Meghan: Which horror novel unsettled you the most?

Lex: I remember reading Slugs by Shaun Hutson, again probably far too young, and finding it very off-putting. I’d never liked slugs as a creature in the real world. They just don’t look right. I think it was horror writer Arthur Machen who once described the eerie nature of slugs and snails and grubs in some of his writing, saying that they look like something from another world. Something that we, as denizens of the upper world, shouldn’t see, shouldn’t encounter. They’re things of darkness and slime, devoid of structure and organs and movements in the way the creatures above the ground are formed. It’s the same as when we see creatures that live deep under the ocean, and they lack any sort of cuteness, resembling instead some nightmare beings from a realm that we should avoid at all costs. Slugs were always like that to me, as a child. As an adult I’ve got a garden now so I regularly have to move them away from my plants, so I’ve gotten over my dislike of them somewhat through necessity. But Hutson’s book takes a creature that I already found disturbing, and made them into a carnivorous source of actual horror.
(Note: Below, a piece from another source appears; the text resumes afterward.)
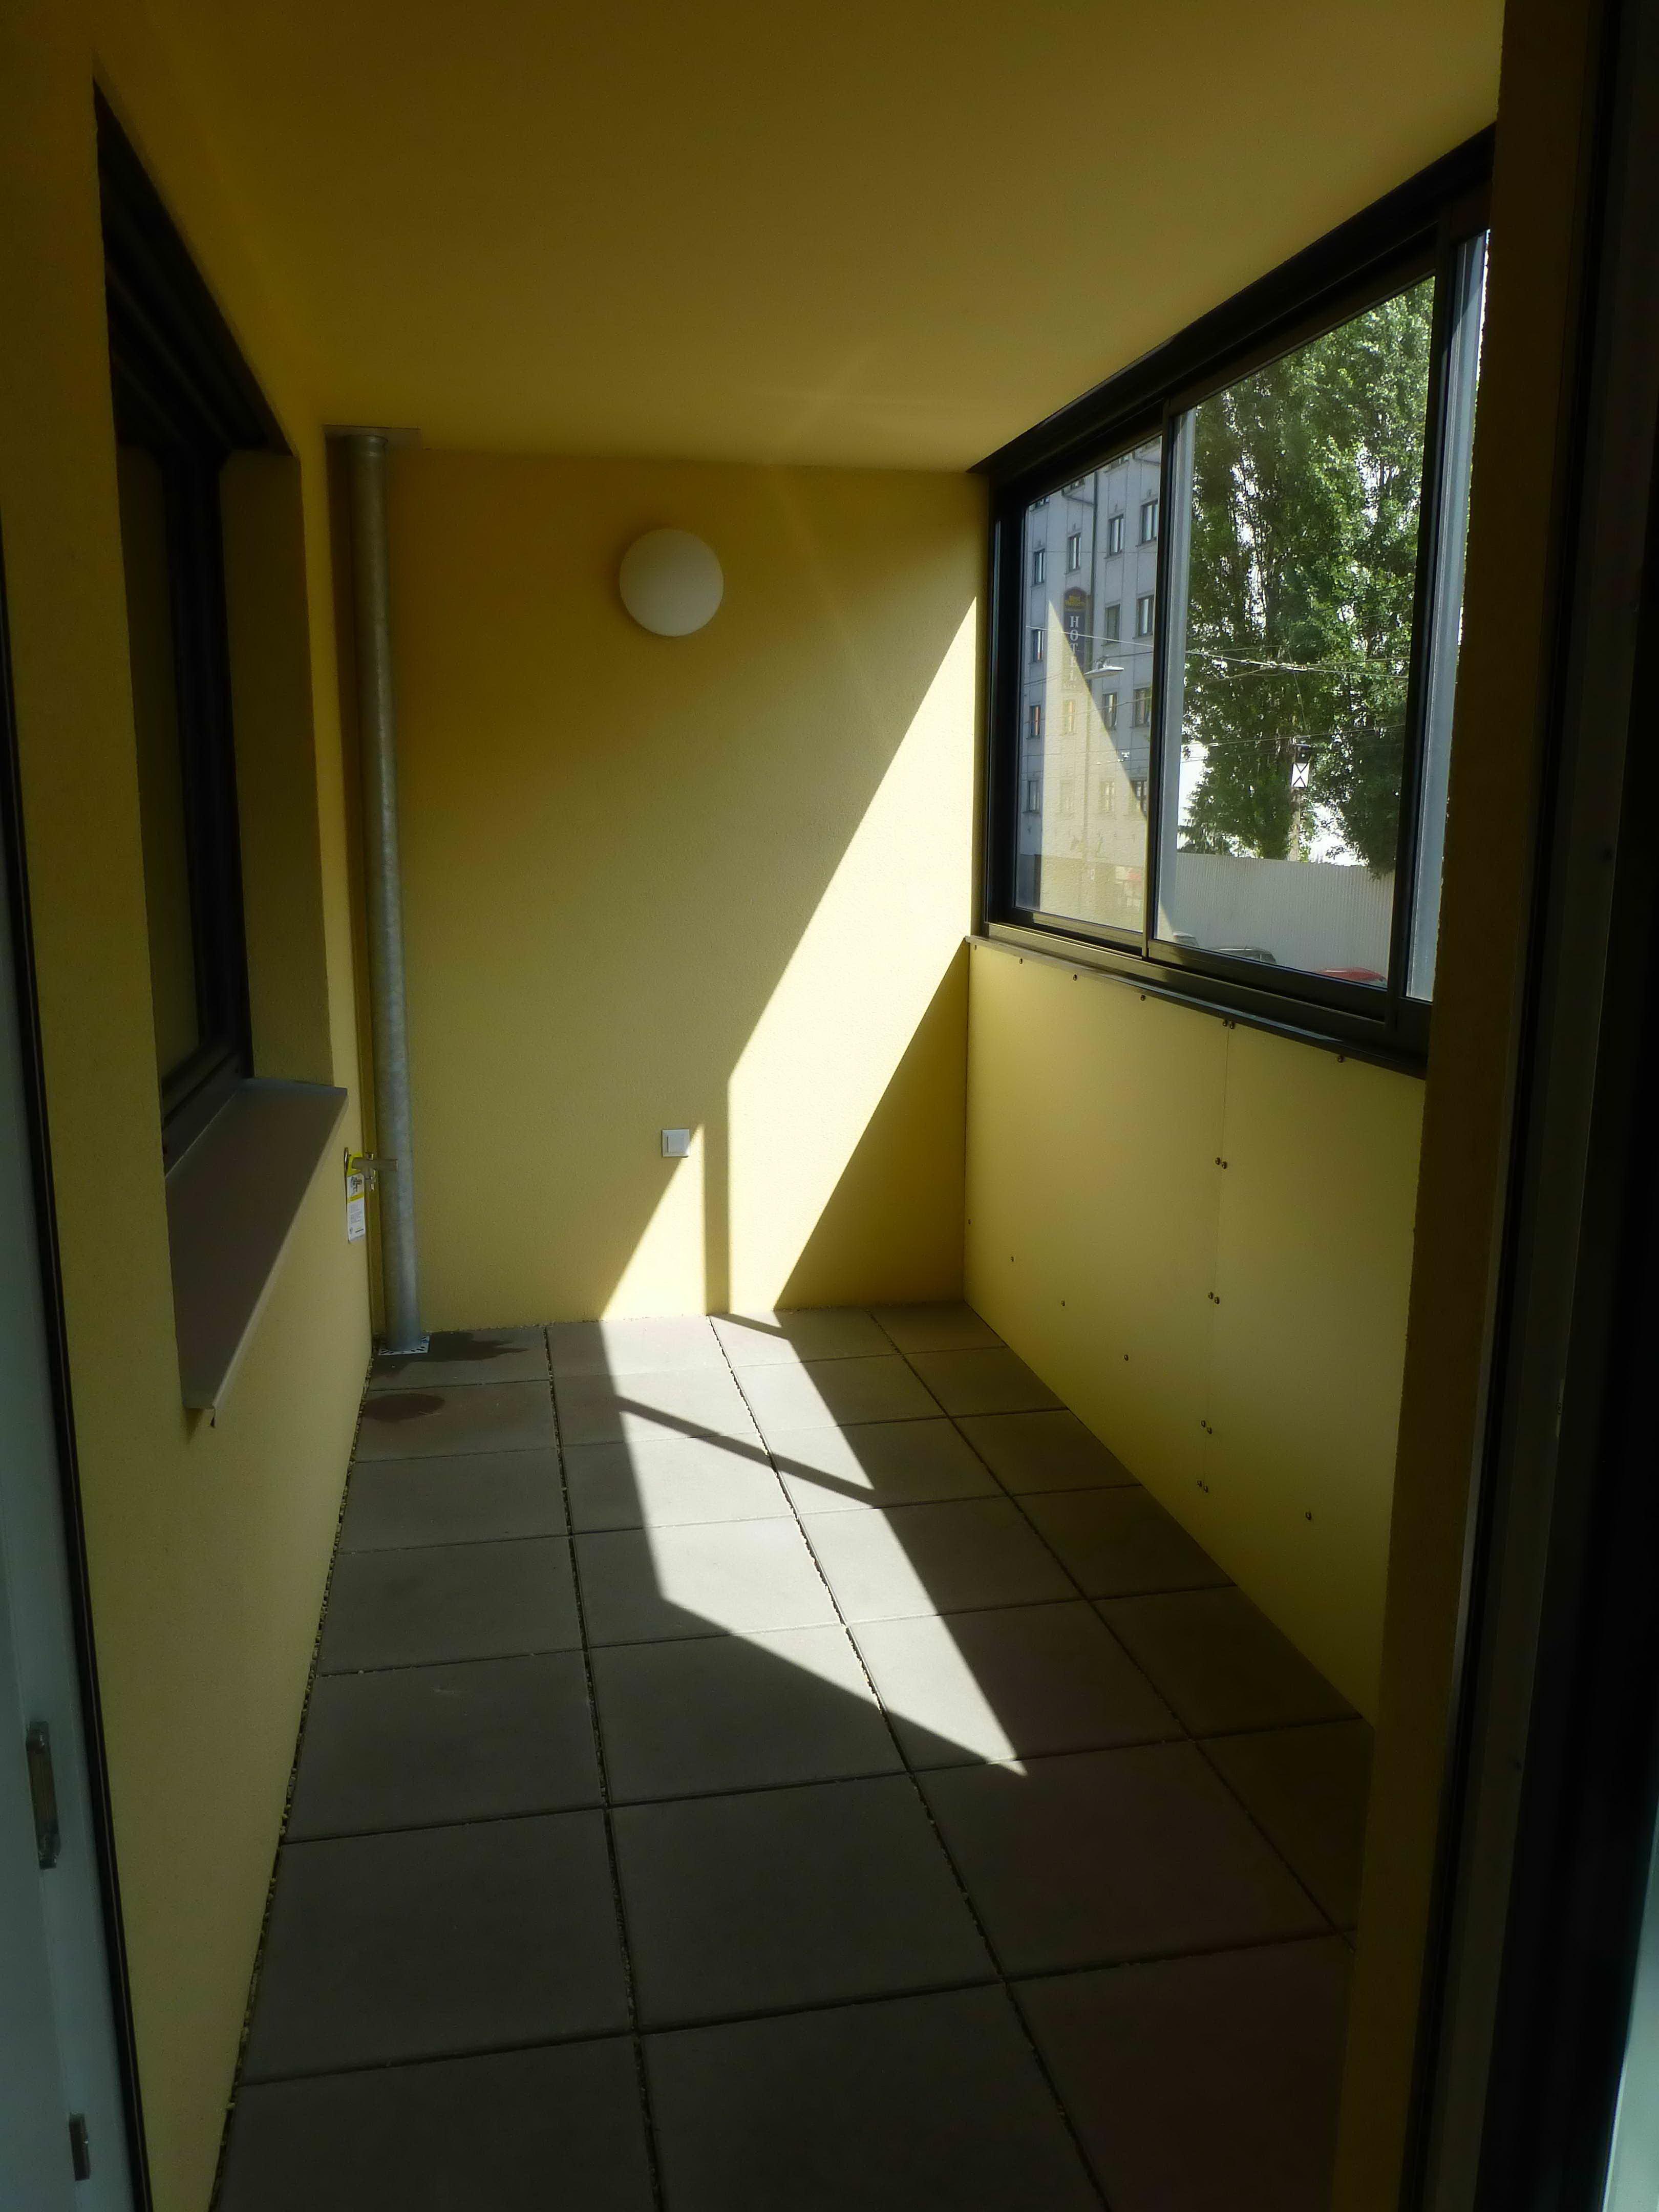 5 Zimmer Wohnung In Donaufelderstr233 Mietwohnung In 1210 Wien

Meghan: Which horror movie scarred you for life?

Lex: I think the first time I saw The Fly (the 1980s version, not the B-Movie original) it stuck with me a long while. I always find body horror has that effect on me, because it’s the worst kind of thing imaginable. It’s not a foe to be fought, a monster to be hacked at or a demon to be exorcised. It’s the betrayal of your own body, twisted and broken into something it shouldn’t be. I’ve lost too many people close to me through dreadful illnesses, and body horror is always a little too close to that for me, so I tend to steer clear of it these days.

Meghan: What is your favorite Halloween costume?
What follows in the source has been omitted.